Sorry - its a 1966. Thanks


----------



## torpedo51 (Sep 8, 2009)

help - running out of time - need to drill holes before painting!


----------



## 68greengoat (Sep 15, 2005)

Maybe someone can take measurements so you you can at least get them close. You can look at a bunch of pics too.


----------



## 1966zeige (Jun 17, 2010)

I used lemans fenders for my 66 GTO and found that the holes for the Lemans badge was in the the same place as the GTO badge on my junk fenders, The GTO badge bolted right on may have had to fill a hole. AMES or Paddock sells factory rear quarter panel templates for the rear badges, had to use those also worked fine.


----------



## torpedo51 (Sep 8, 2009)

I've got the fronts figured out. Any 66 owners out there give me two quick measurements for the rears? I'm looking for distance from the rear of the car to the first emblem hole, and from the top of the quarter down to the same hole. Thanks in advance.


----------



## nedorama (Sep 13, 2010)

1966zeige said:


> I used lemans fenders for my 66 GTO and found that the holes for the Lemans badge was in the the same place as the GTO badge on my junk fenders, The GTO badge bolted right on may have had to fill a hole. AMES or Paddock sells factory rear quarter panel templates for the rear badges, had to use those also worked fine.
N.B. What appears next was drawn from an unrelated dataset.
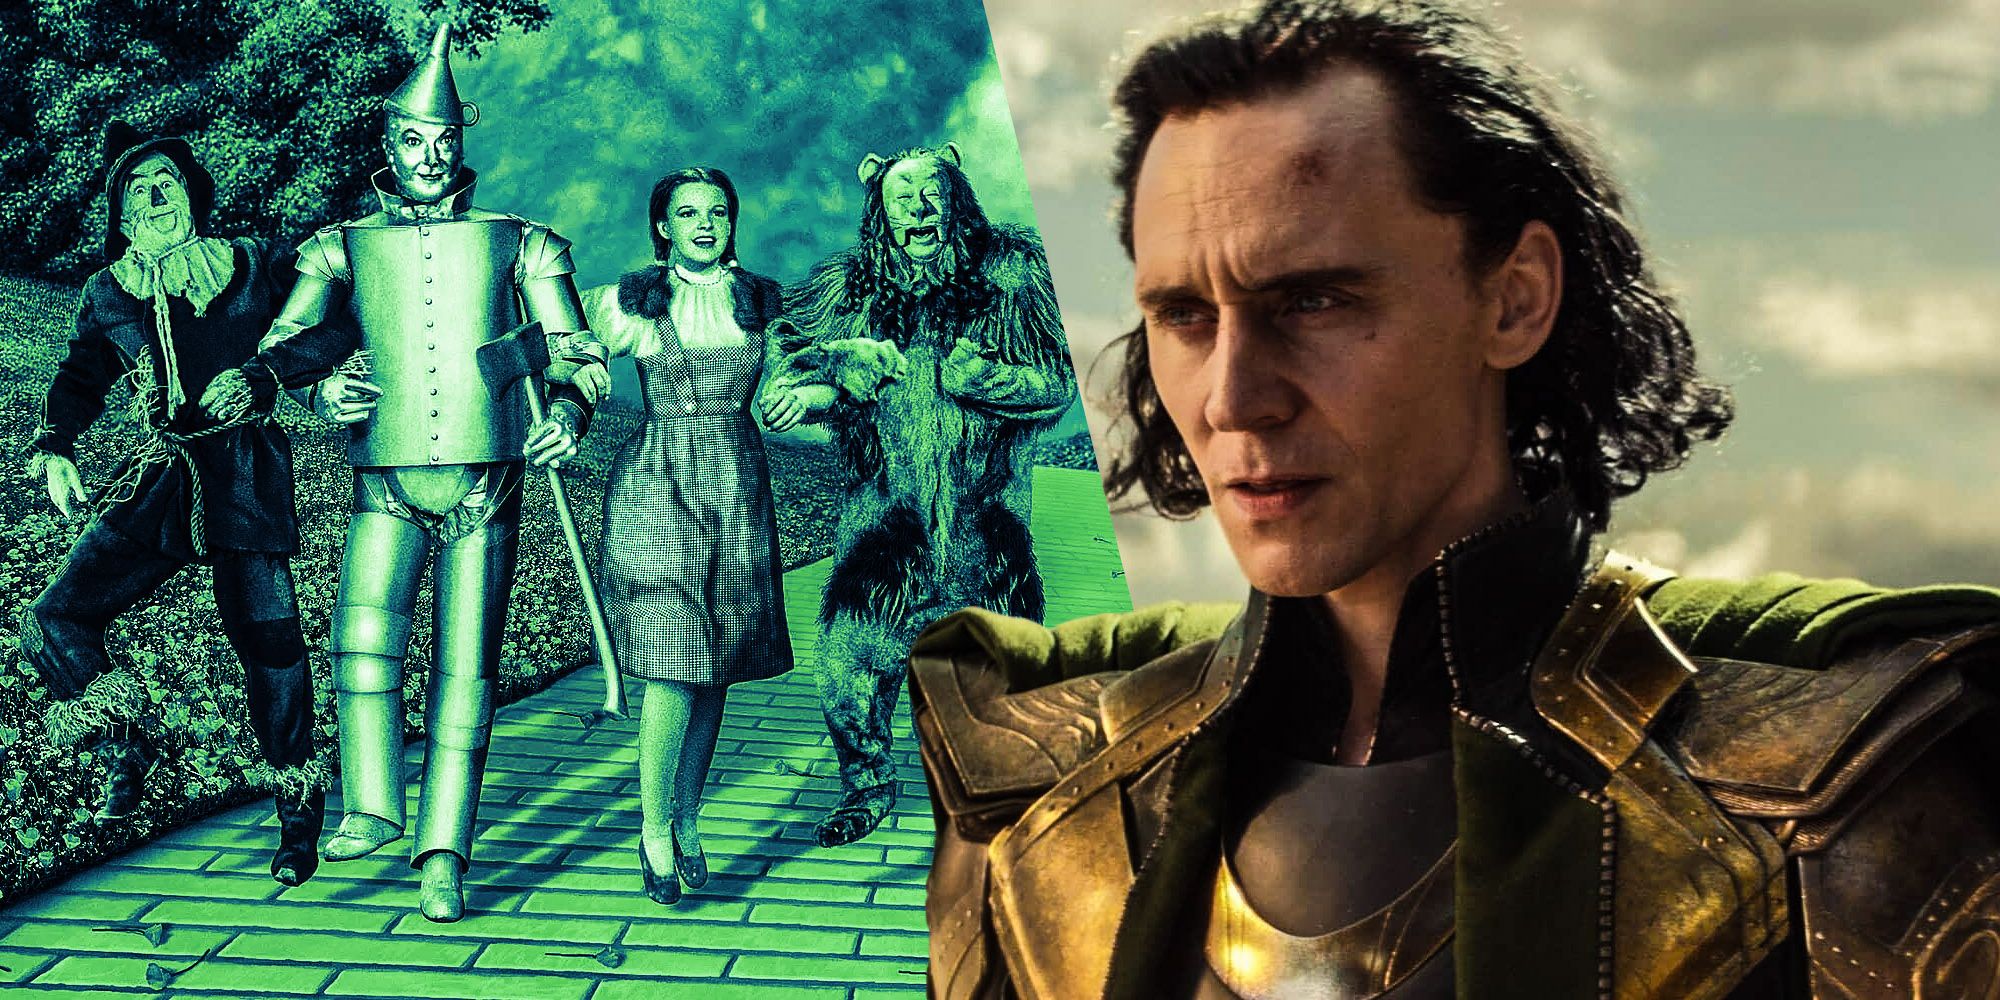 Loki wizard of Oz References

Do you still have the templates? I just called Ames and they don't sell them (or no longer do) and Paddock is out of business. 

I'm in a similar situation with a '67 LeMans convertible except I'm out of paint, so really would like to get those 12 drill holes on each side right the first time...

I've googled everywhere as well as trying multiple forums. Any help would be appreciated.

thanks.


----------



## Jonwilkerson (Jul 10, 2009)

You can get good templates from The Parts Place. I got some from them recently.


----------